あまりピンとくるものがなく、AI PCなども売れていない印象です。
OpenAIは検索を将来の収益の柱のひとつにあげています。Perplexityをライバルと名指ししています。
OpenAIはChatGPTにSearchGPTを組み込んでリリースしました。確かに便利ですが、BingもGeminiもすでにウェブ検索機能を組み込んでいました。それでもそれほど流行りませんでした。チャットボットよりユーザは検索品質に厳しいようです。
B2Bでも品質は厳しい要求がありますが、適用領域を絞ったりガードレールするのがB2Cより容易です。
B2CはChatGPTのように最初にバズって大流行しないと難しいと思います。
今週はMistralもウェブ検索付きチャットに参入したようです。競争の中で新しい方向が見えてくるかもしれません。
B2Bの生成AI
企業向けの生成AIはチーム用チャットボットやカスタマサービスボット、ソフトウェア開発生成AI、画像や映像やゲームの自動生成、ワークフローを実現する生成AIエージェントなどがあります。NVIDIAのJensen HuangがこれからはAIエージェントの時代だと熱く語っています ([nvidia])。

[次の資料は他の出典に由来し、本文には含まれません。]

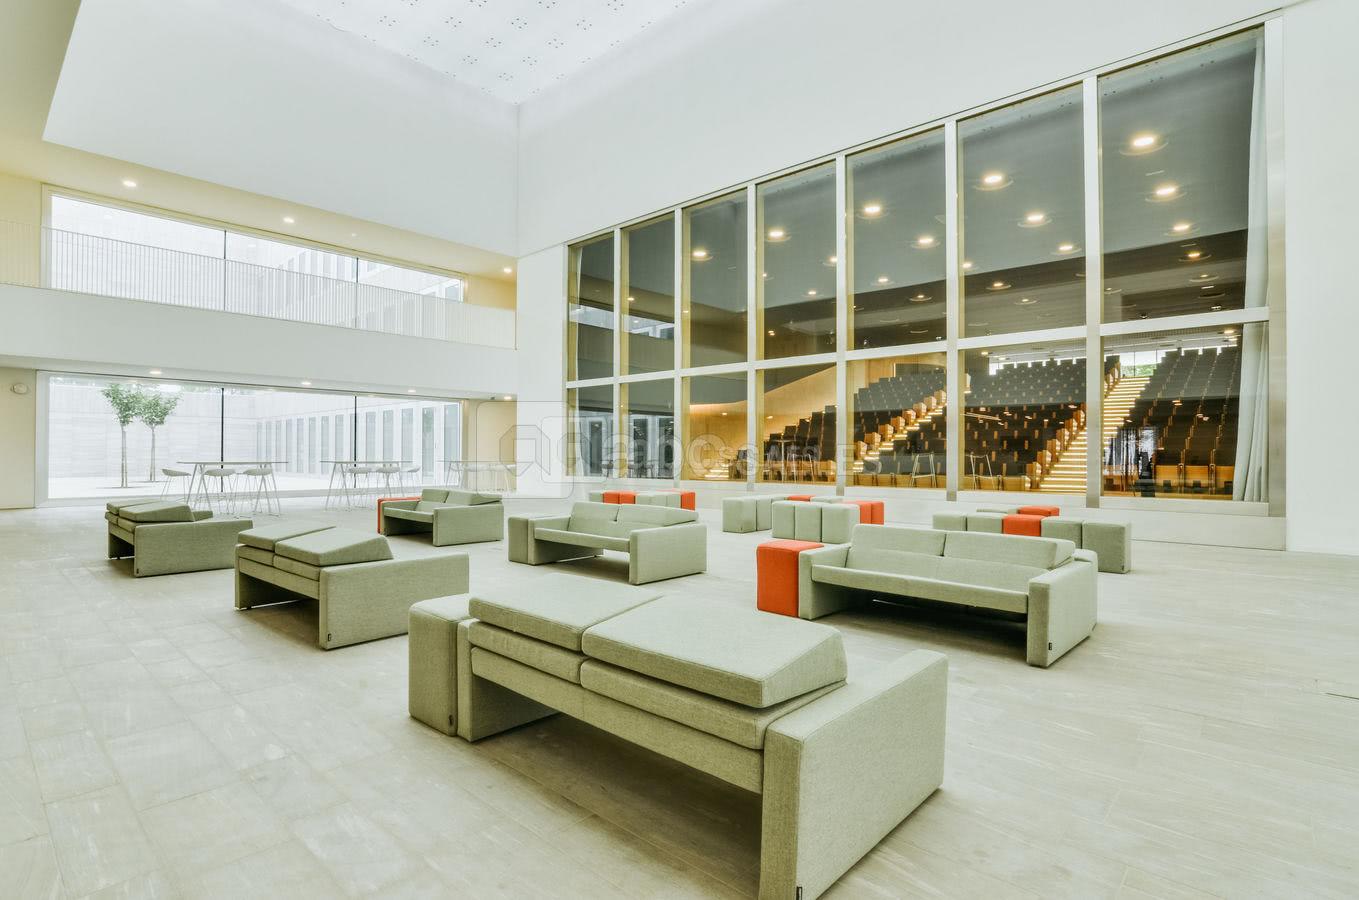 Chambre De Métiers Et D'Artisanat Hauts-De-France - Abc Salles tout Chambre Des Metiers Blois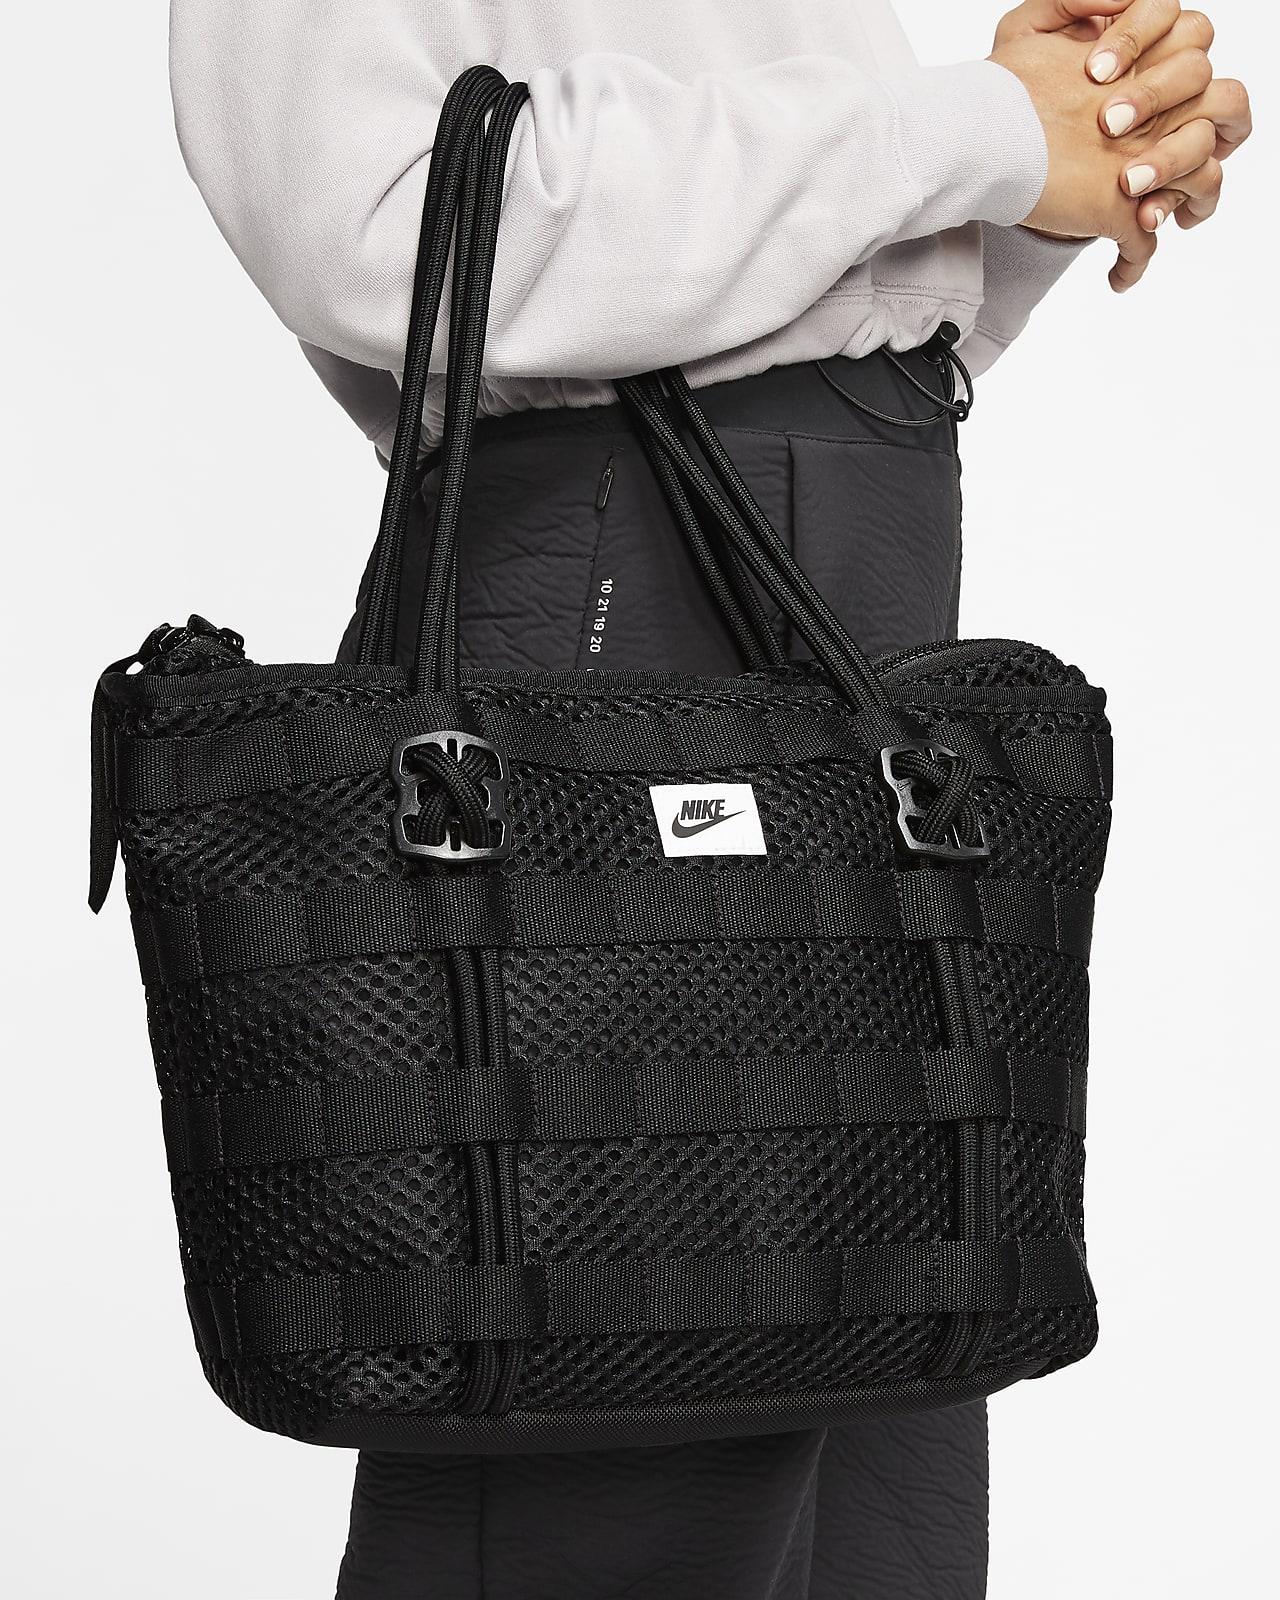 Nike Air Tote Bag (Small). Nike.com

現状ではAIエージェントを動かすには人間とは異なる権限体系を作ったり、権限が誤用されないように監視したり、会社としてのアラインメントを実現したり、行き過ぎたアクションをとらないようにガードレールしたりと大変な手間とコストがかかります。
現在の会社組織は人間が働くことを前提にしているので、それを生成AIに合わせるのは容易ではないと思います。生成AIにあわせて会社を作り替えるのは目標管理や人事考課やチームビルディングも含め10年単位の仕事です。
自動化となると100回も1000回も推論してワークフローを実行します。99.9%以上の精度が求められます。
いったん、権限管理やガードレールの問題が解決すると、そもそも従業員自体の必要性が薄くなるので、従業員に生成AIエージェントを使わせるというシナリオの未来があまり見えません。
むすび
昔、エージェントがはやったのは1980年代でした。AppleもGeneral Magicというエージェントの会社を作りました。その頃のエージェントは妻の誕生日に忘れずに花束を買うというようなユースケースでした。とても人間の補佐をするようなものとは思えません。
40年たって、エージェントは強力になって帰ってきています。
価値創造という点ではB2Bに軍配があがるのかなと思います。実用化は自動化に耐えられるほど生成AIの精度があがるかどうかにかかっています。